═══ GIVEN INFORMATION ═══

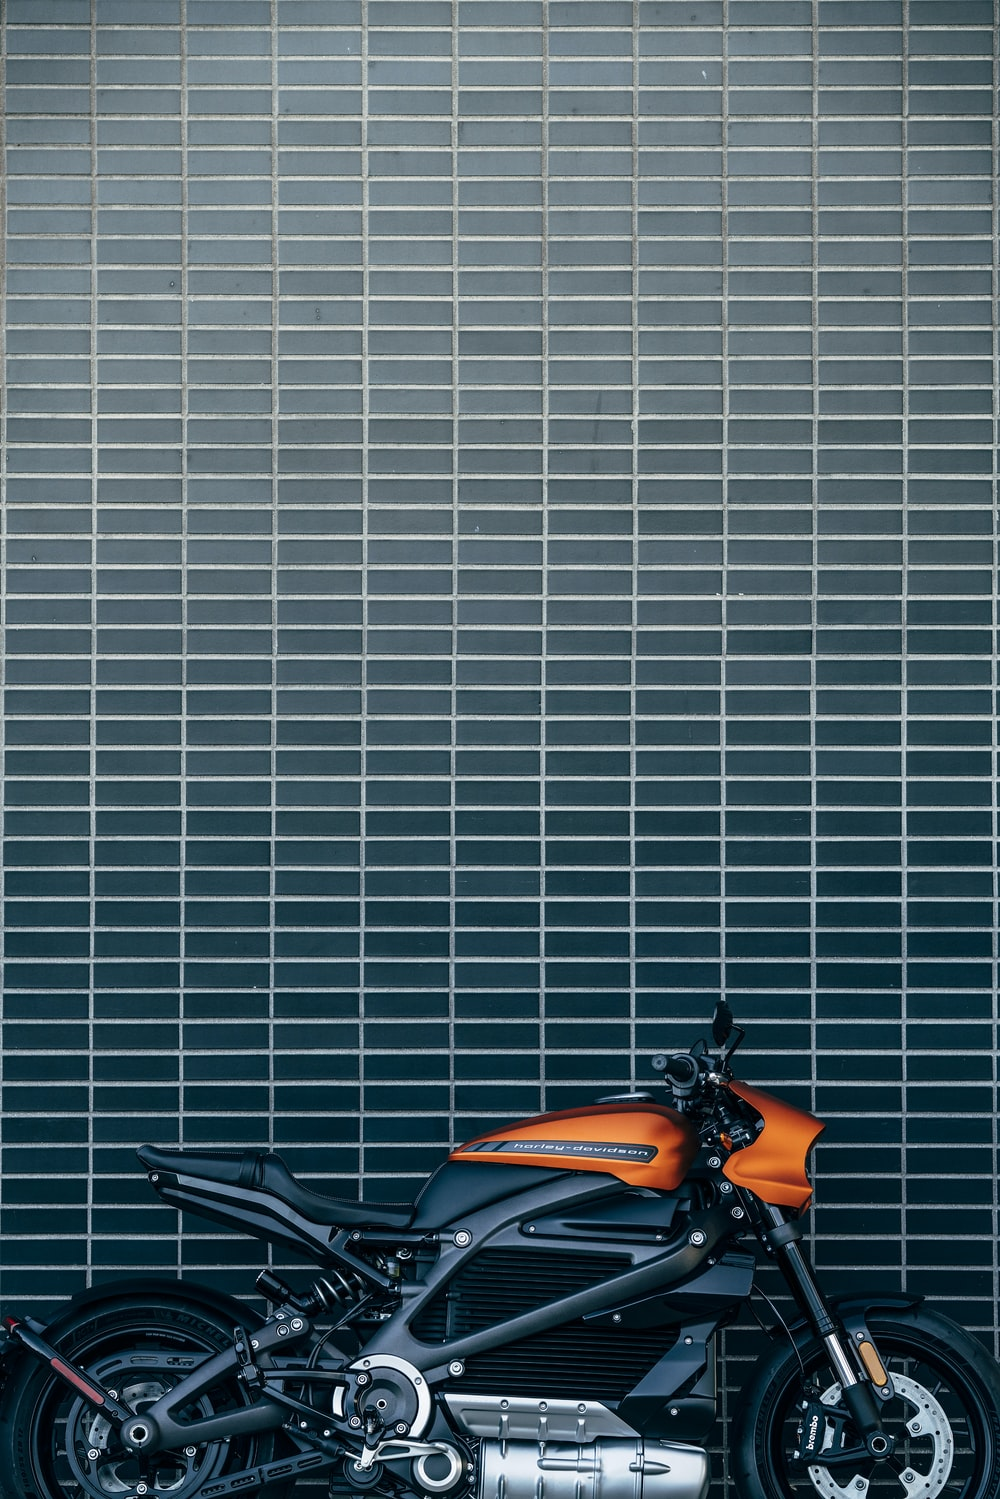 orange and black motorcycle
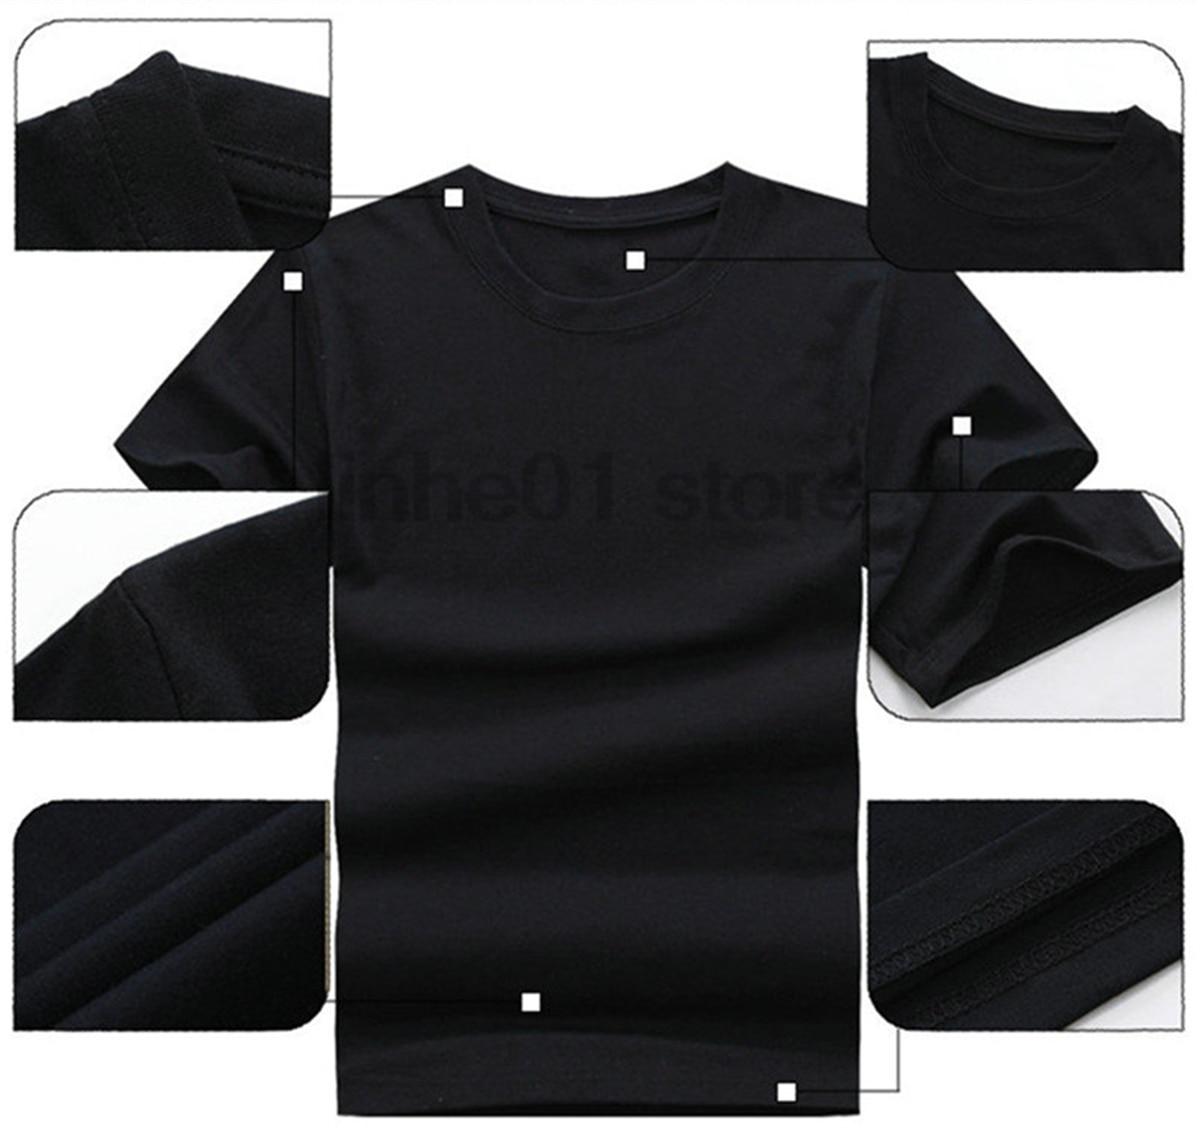 GILDAN Daddy Shirt Fathers Day Gift Heart Dad Husband Mothers Day Ms. T-shirt Womens T-shirt
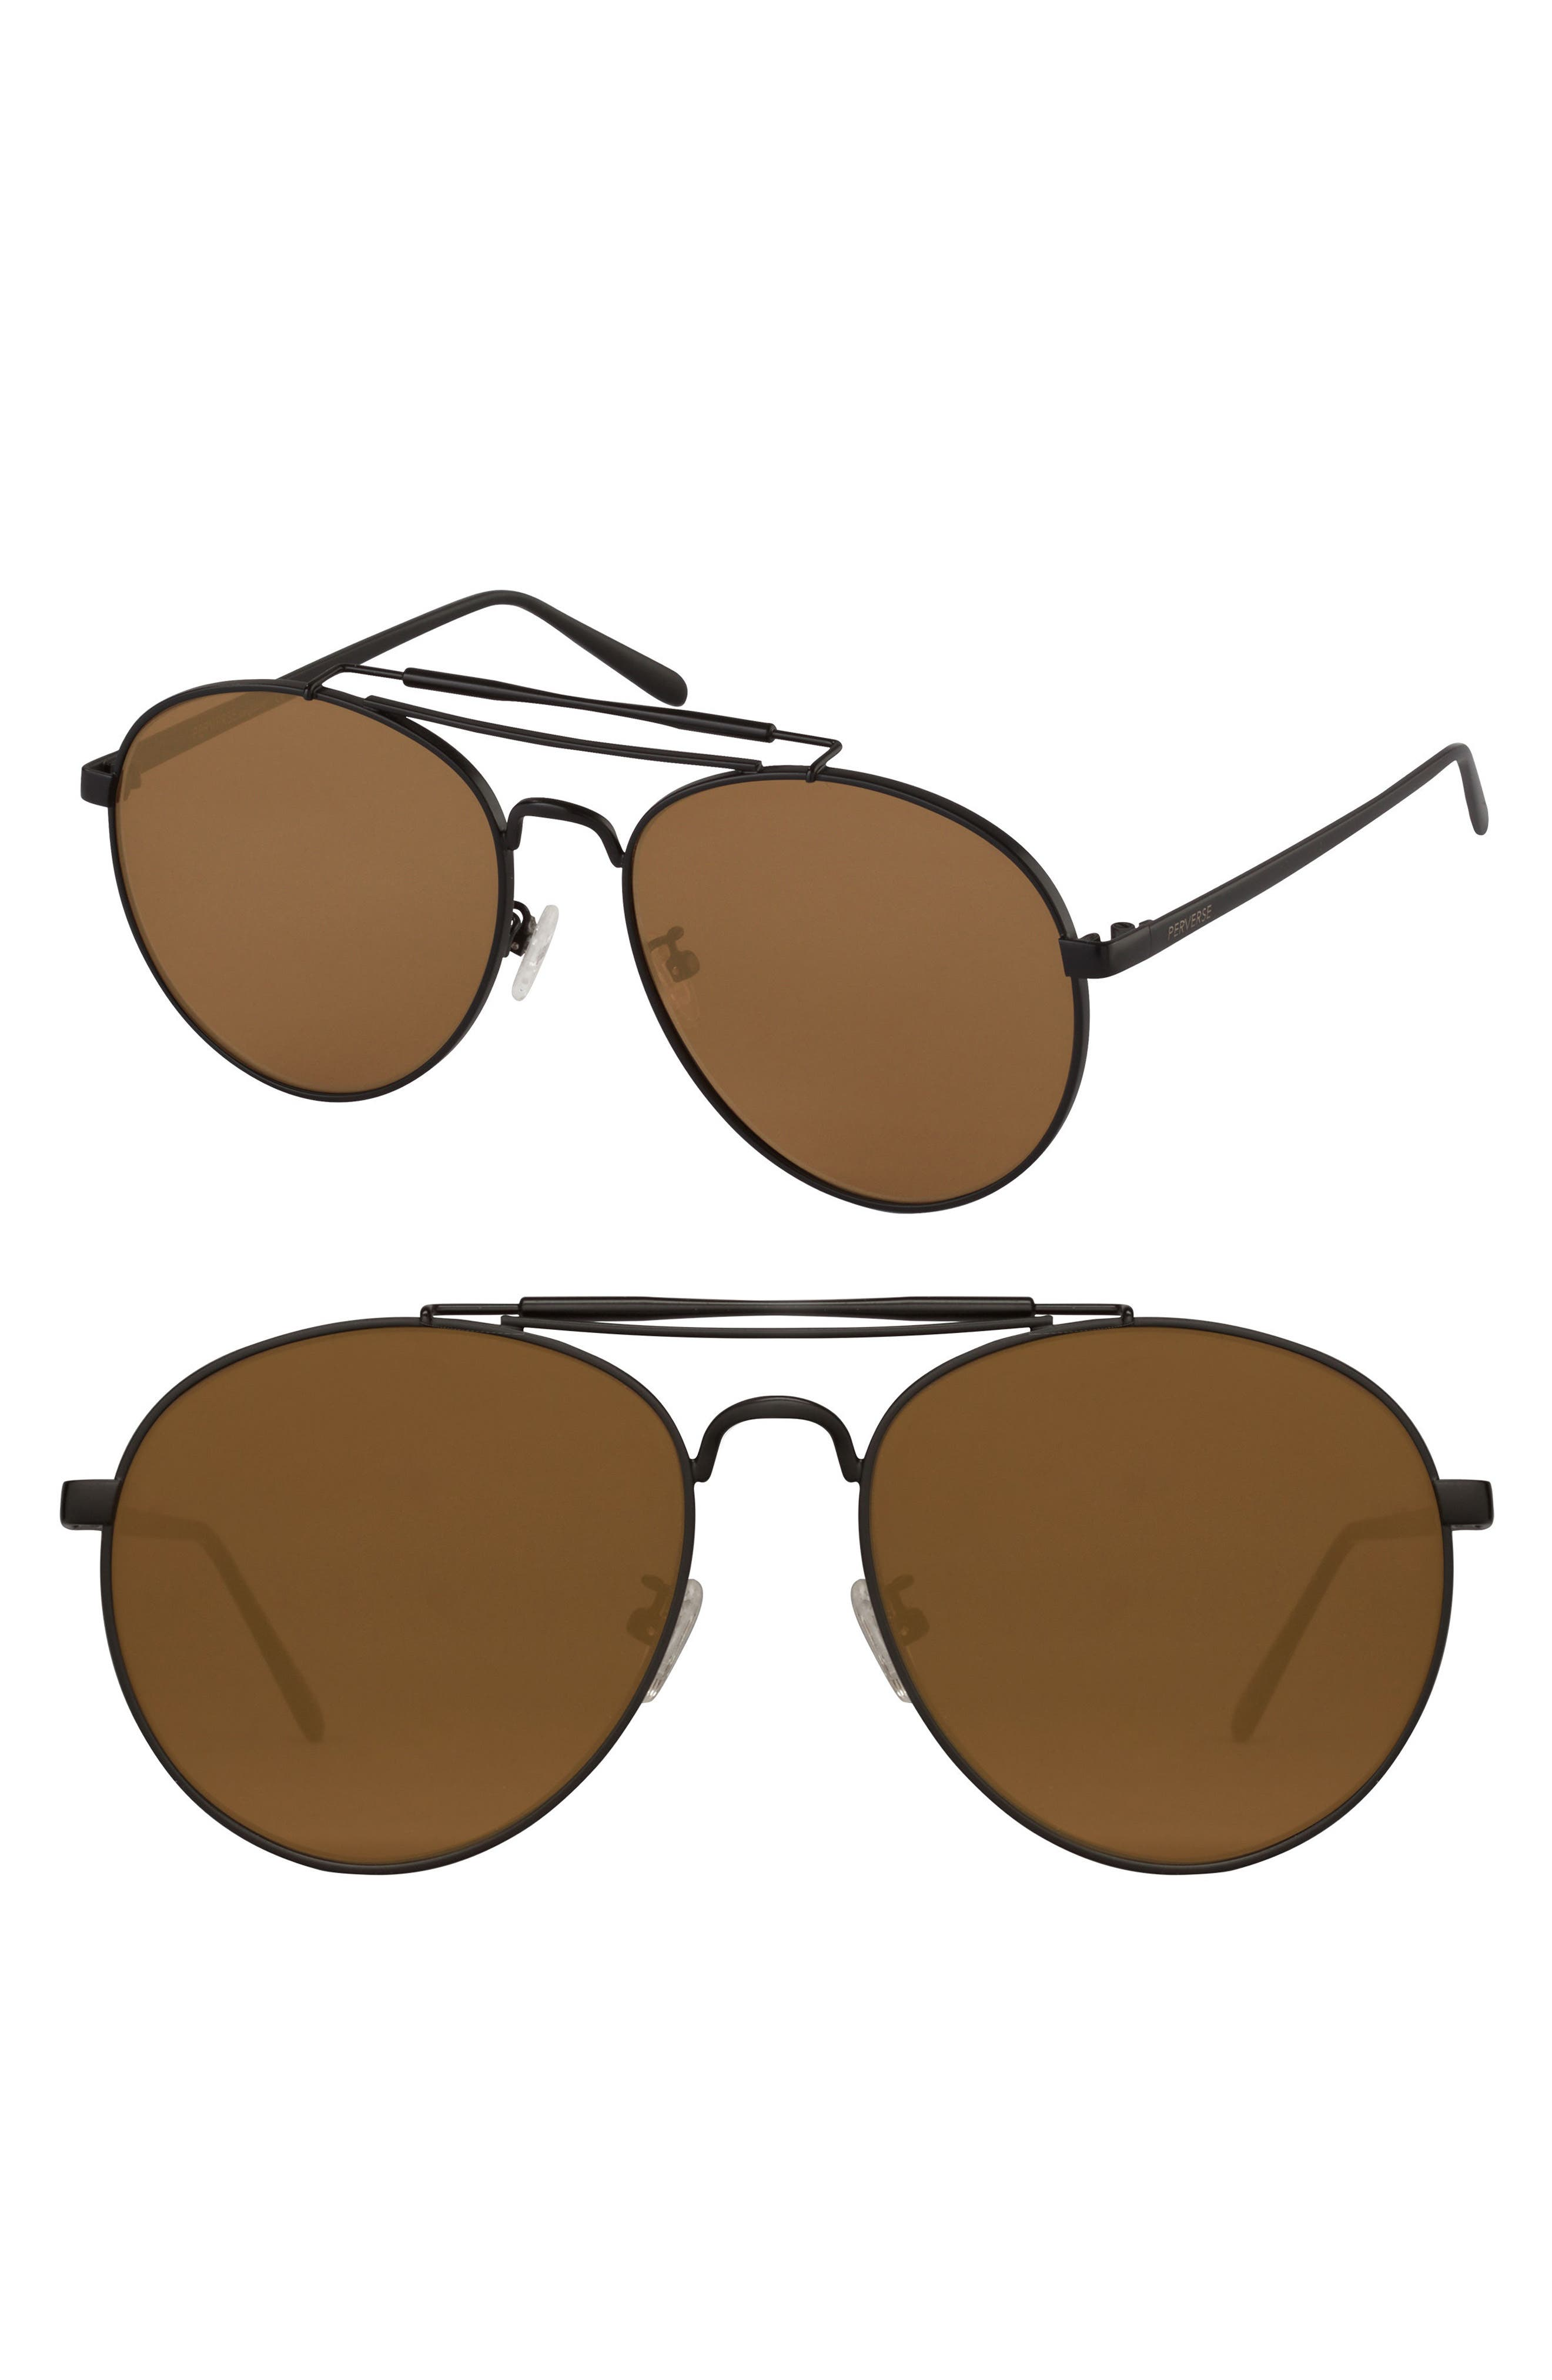 50mm Aviator Sunglasses,                         Main,                         color, 001

═══

__PROBLEM TO WORK ON__
Only exact copies are wanted here. Write out the lines from the one containing "GILDAN Daddy Shirt" through the end of the material and no others, omitting all pictures.

__WORKED SOLUTION__
 GILDAN Daddy Shirt Fathers Day Gift Heart Dad Husband Mothers Day Ms. T-shirt Womens T-shirt
 50mm Aviator Sunglasses,                         Main,                         color, 001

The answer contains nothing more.